Zweitens: die Barrieren für die Einfuhr von Produkten aus den Entwicklungsländern nach Europa abbauen. Dann entstehen in Afrika, Asien und Südamerika stabile Landwirtschaften und bei uns fallen die Preise.

Drittens: Quoten, die die Produktion von Milch, Getreide und anderem begrenzen, müssen abgeschafft werden.

Viertens: die Bauern wieder Unternehmer sein lassen. Ausgestattet mit einer Minisubvention für die Landschaftspflege kann ein Landwirt selbst frei entscheiden, was und in welchem Umfang er produziert entsprechend der Nachfrage.

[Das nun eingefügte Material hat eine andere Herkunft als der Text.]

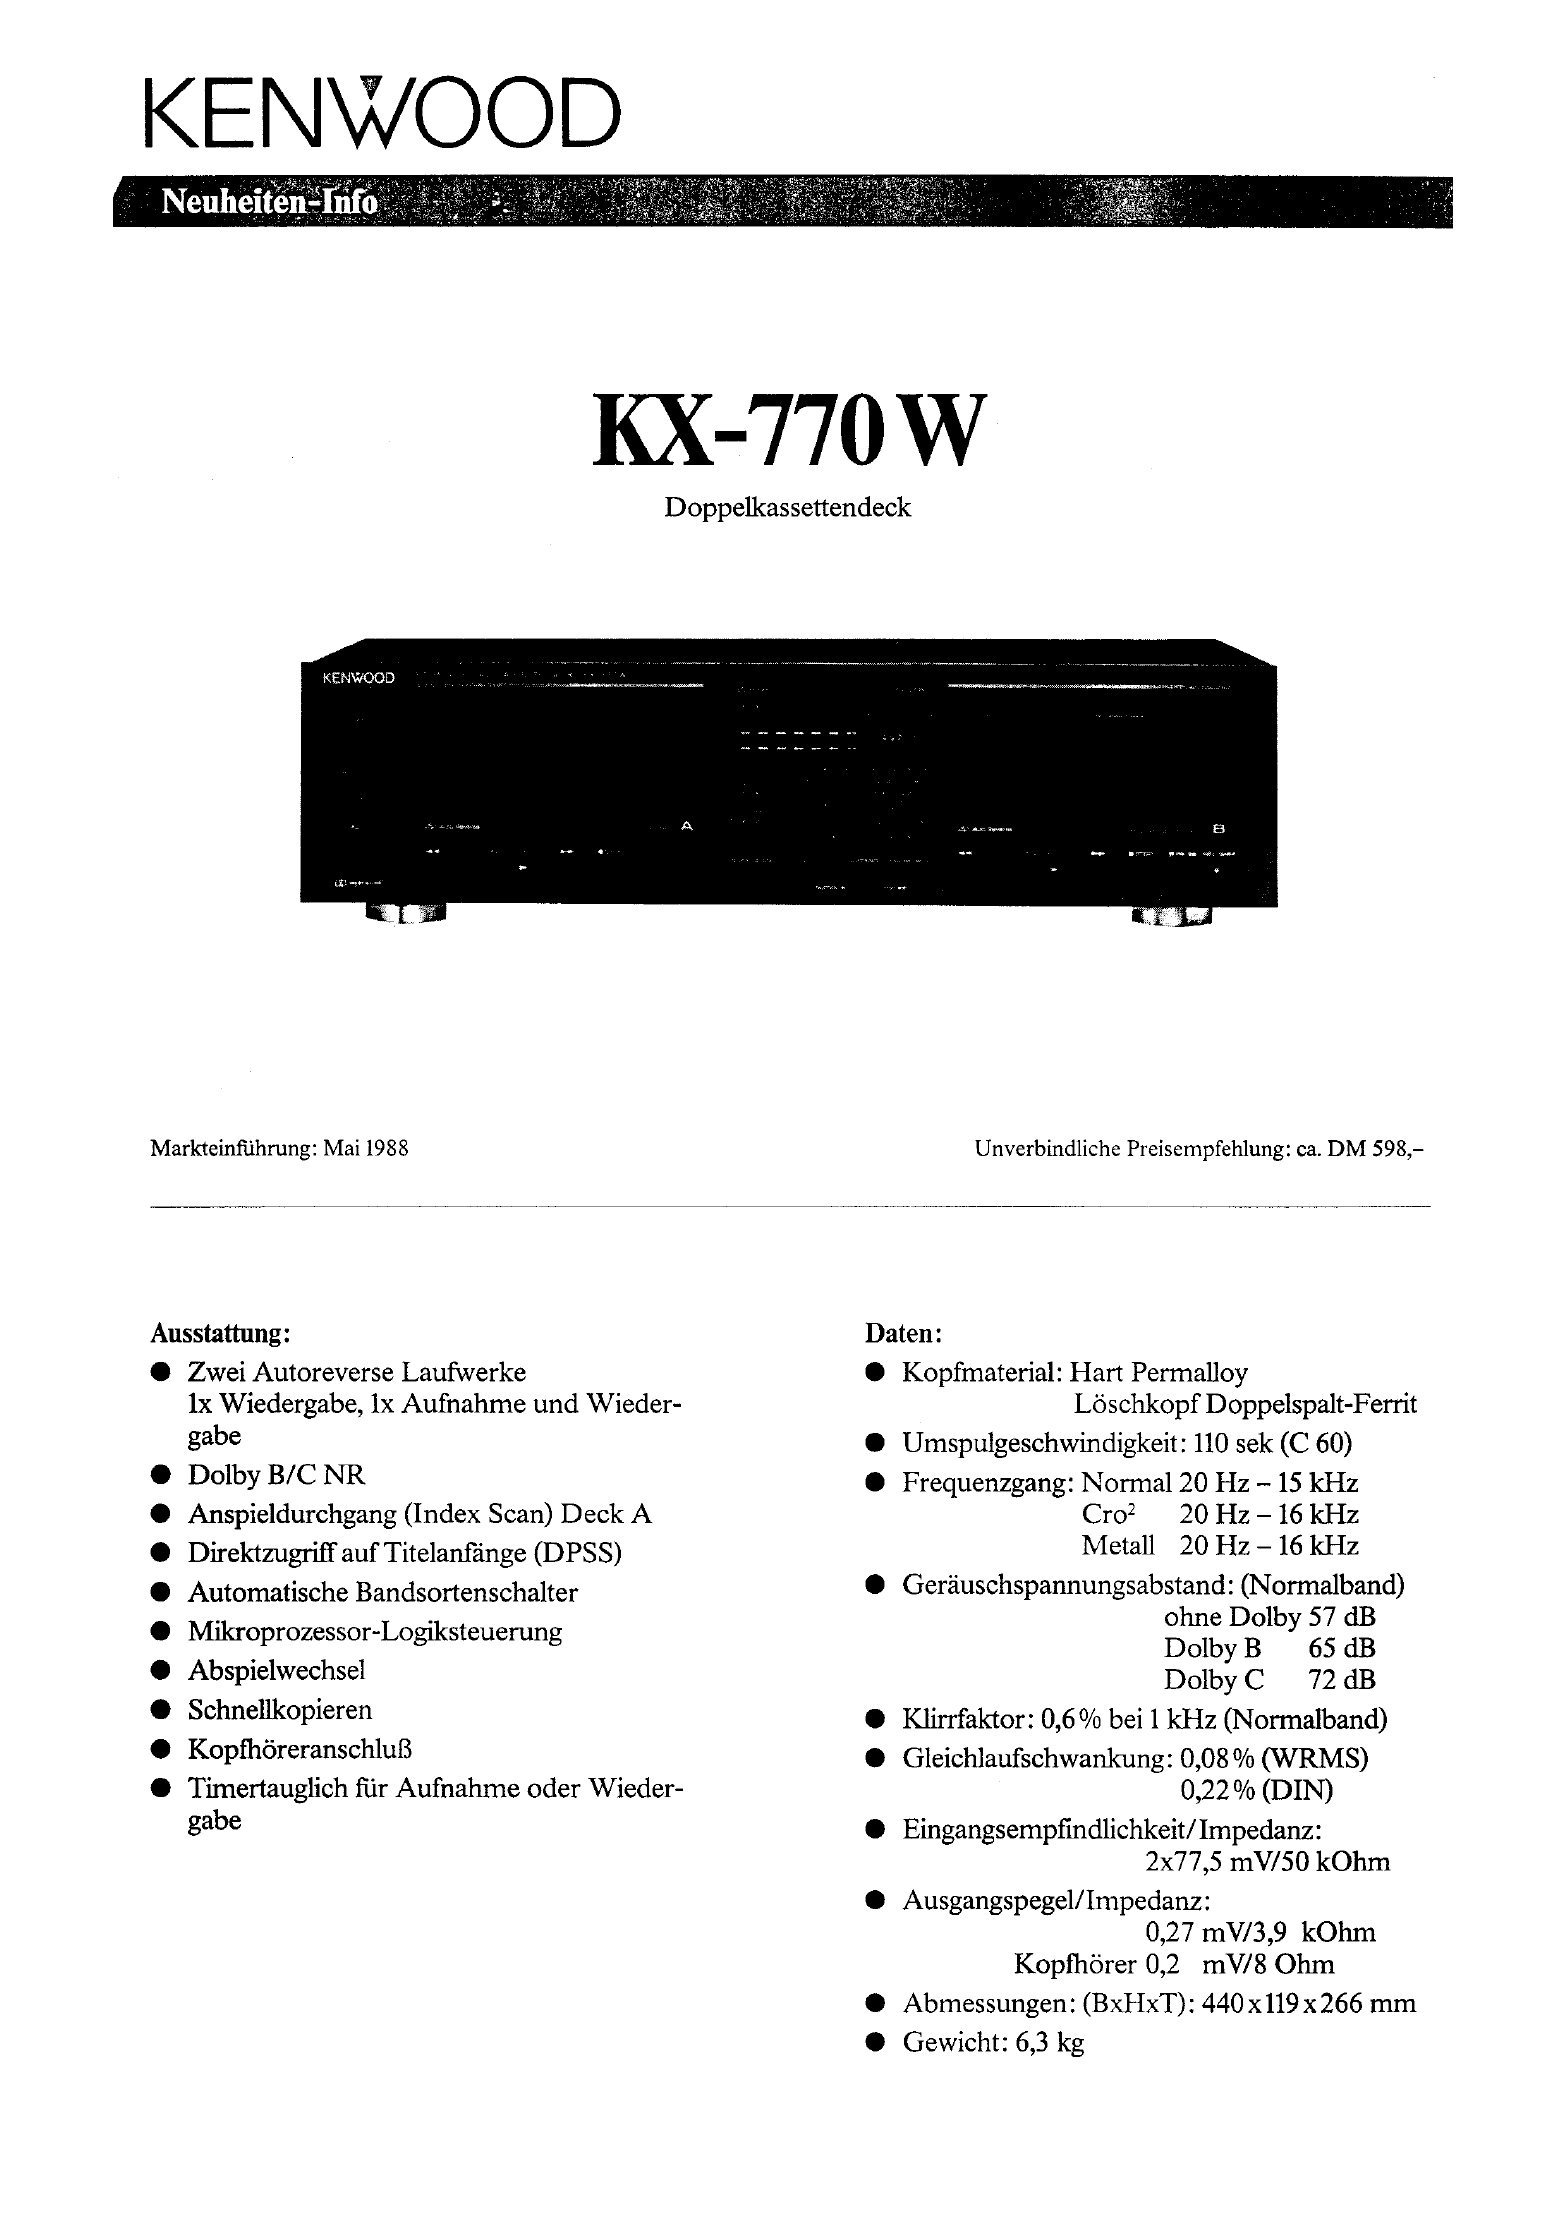 Kenwood KX-770 W-Prospekt-1988.jpg

Fünftens: EU-Subventionen darf es nur geben, wenn aus dem nationalen Haushalt eine Mitfinanzierung kommt. Diese Methode hat sich bewährt - meist wird sogar weniger ausgegeben, als möglich wäre. Auch in der Landwirtschaft sollte diese Praxis ausnahmslos eingeführt werden.

Solche Vorschläge rufen meist schnell die zackige Agrarlobby auf den Plan. Ich bin aber überzeugt: Politiker sind weder die besseren Unternehmer noch die besseren Bauern. Der Bauer muss seinen Pflug selber führen, wenn es gedeihen soll, heißt es in einer alten Bauernweisheit. Stimmt.


Unsere Autorin, Jahrgang 1970, ist seit 2004 Mitglied des Europäischen Parlaments. Die promovierte Volkswirtin ist Vorsitzende der FDP-Gruppe und stellvertretende Vorsitzende der Allianz der Liberalen und Demokraten für Europa, der drittgrößten Fraktion im Straßburger Parlament.